流影也沒有失望扶摸著江夢影的頭說:“以後在黔東城有困難,來望月樓找我。”
江夢影笑著答應道:“流影姐姐,我一定會去的。”
這時一支浩浩蕩蕩的軍隊朝著她們過來,軍隊將她們包圍在其中。
流影很緊張,他們的隨從將流影保護在其中和軍隊人員對峙。
流影心中閃過無數的念頭但都對不上,只剩下一種可能他們是來找江夢影的。
流影看了江夢影一眼,江夢影此時也不清楚什麽情況,還一是一臉的天真無邪。
軍隊中慢慢開出一條路,出現的是一個騎著黑豹的小矮子拿著羽扇赫然是個謀士模樣。
他捋著自己的八字胡,觀察著前方的每一個人。
看到江夢影是眼前一亮,用羽扇指著江夢影。
他用那尖銳的聲音喊道:“把這小丫頭給我帶走~!”
那些隨從看不是自己的主子,不自覺的讓出一過路。
流影將江夢影護於身後,不顧身邊人勸說。向那人抱拳微微前傾的問道:“不知道,賢士何人,為何要緝拿我朋友。”
那謀士不屑的說道:“你算什麽東西敢攔城主府的軍隊,你也想一並被帶走嘛。”
流影亮明了自己的身份直起身板微笑的說道:“我絕沒有這個意思,而我是望月樓新來的樓主流影,不知道現在能不能問問具體原因?”
那謀士眼睛一咪若有所思,隨後陪笑道:“原本是新任望月樓樓主啊,失敬失敬,我是奉城主之命前來帶這個小姑娘回去的,具體原因我也不清楚。大人交待小人辦事,哪有我們多嘴的時候,對吧!”
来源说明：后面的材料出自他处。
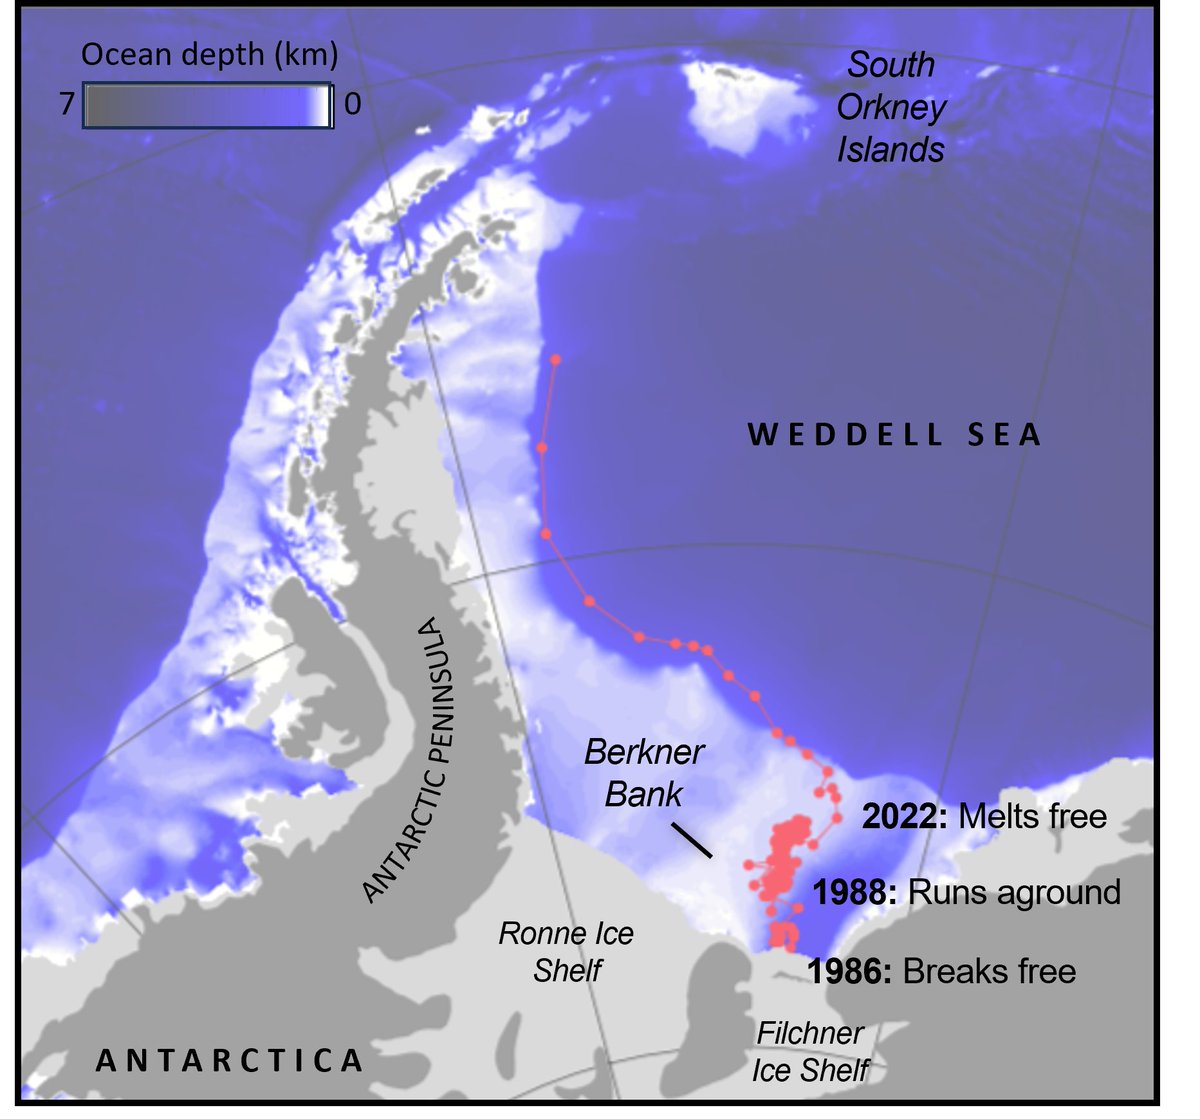 So it turns out that the A23a mega iceberg has been slowly melting all along, and that's why it was set free from its temporary home on Berkner Bank Seems the ocean is about 0.25°C above freezing Even the coldest parts of out planet are warming bbc.co.uk/news/science-e…
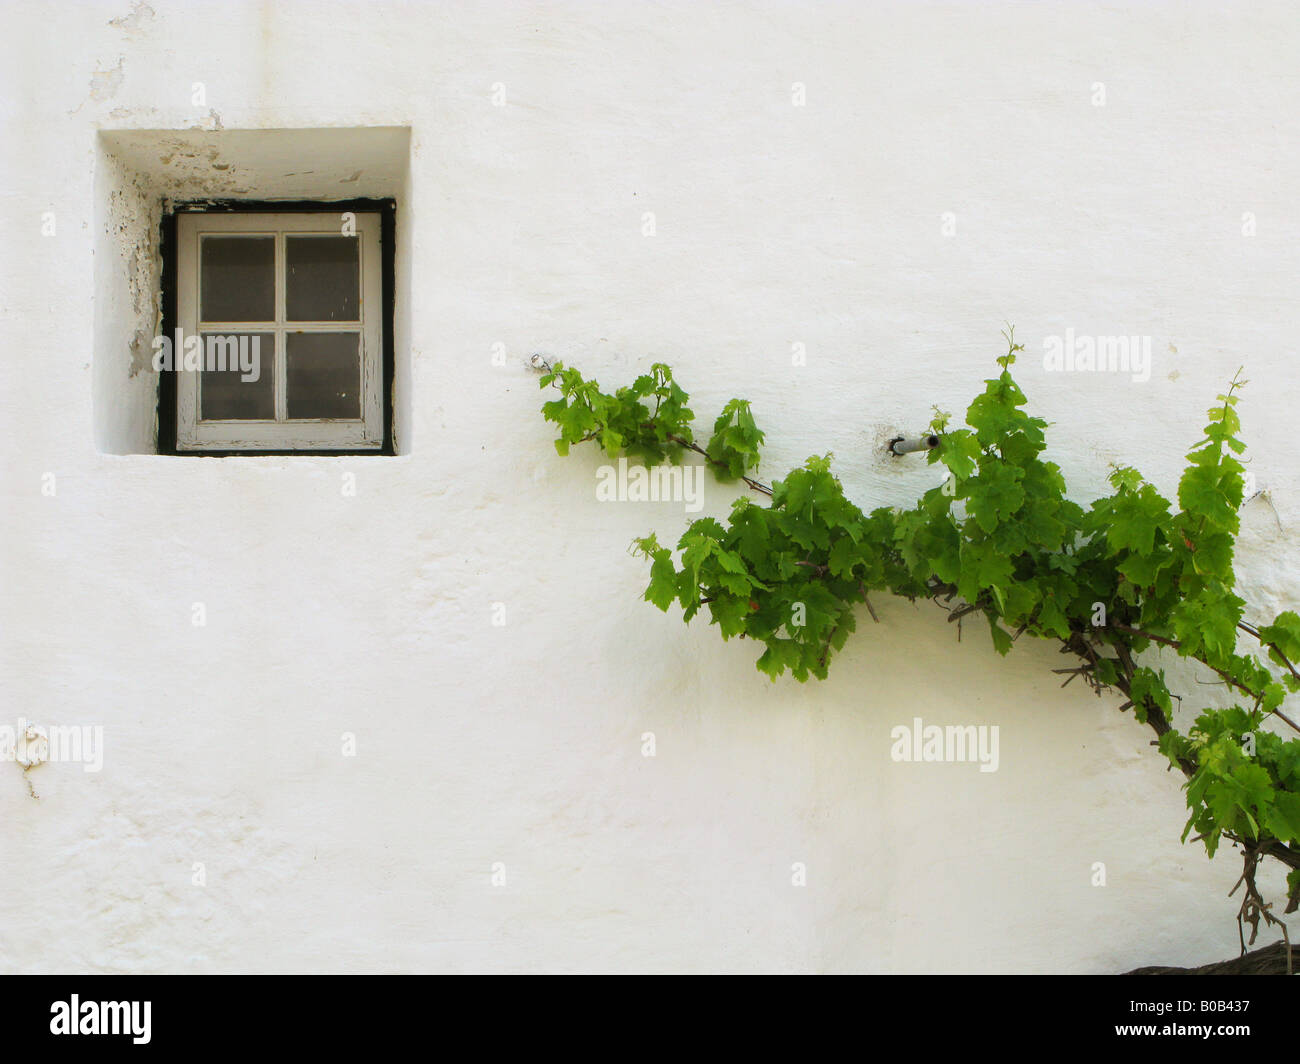 Grapevine growing on a white wall beside a small outhouse window on a farm near Mahon, Menorca, Spain Stock Photo

流影與那謀士展開了一場話術上的較量,流影接著道:“不知城主是否交待,要抓之人的名字以及有無畫像作為比對。”
謀士也不甘士弱繼續搪塞道:“因為來的匆忙並未準備畫像,名字在下也不曾記得。但城主曾指向給那少女的方向,所以多少有些印象,衣著也未曾改變。此等衣物找遍黔東城也找不出第二件。”
他自信滿滿的指認著江夢影說道。卻不知流影的目的不是爭辨,而是在拖延時間等得著影子與赤焰到來。
影子這邊在清風背上,他將那領隊隊長放了出來,此時的領隊隊長全身大面積燒傷,一條腿已經嚴重碳化不可能複原。
身上各處皮膚碳化時不時滲出鮮血,現在隻吊著一口氣了。
影子知道此時刻不容緩,他與赤焰都不會醫術,當時張邦教給的他們都不記得了,他也沒有張邦那只需一滴血不僅讓人恢復還能生華的恐怖力量。
但這個人他又不能不救,只能用一個冒險的方法了
影子手握飛鏢只能從胳膊上削下一塊碗狀大小皮膚,影子的傷口隨即以肉眼可見的的速度恢復。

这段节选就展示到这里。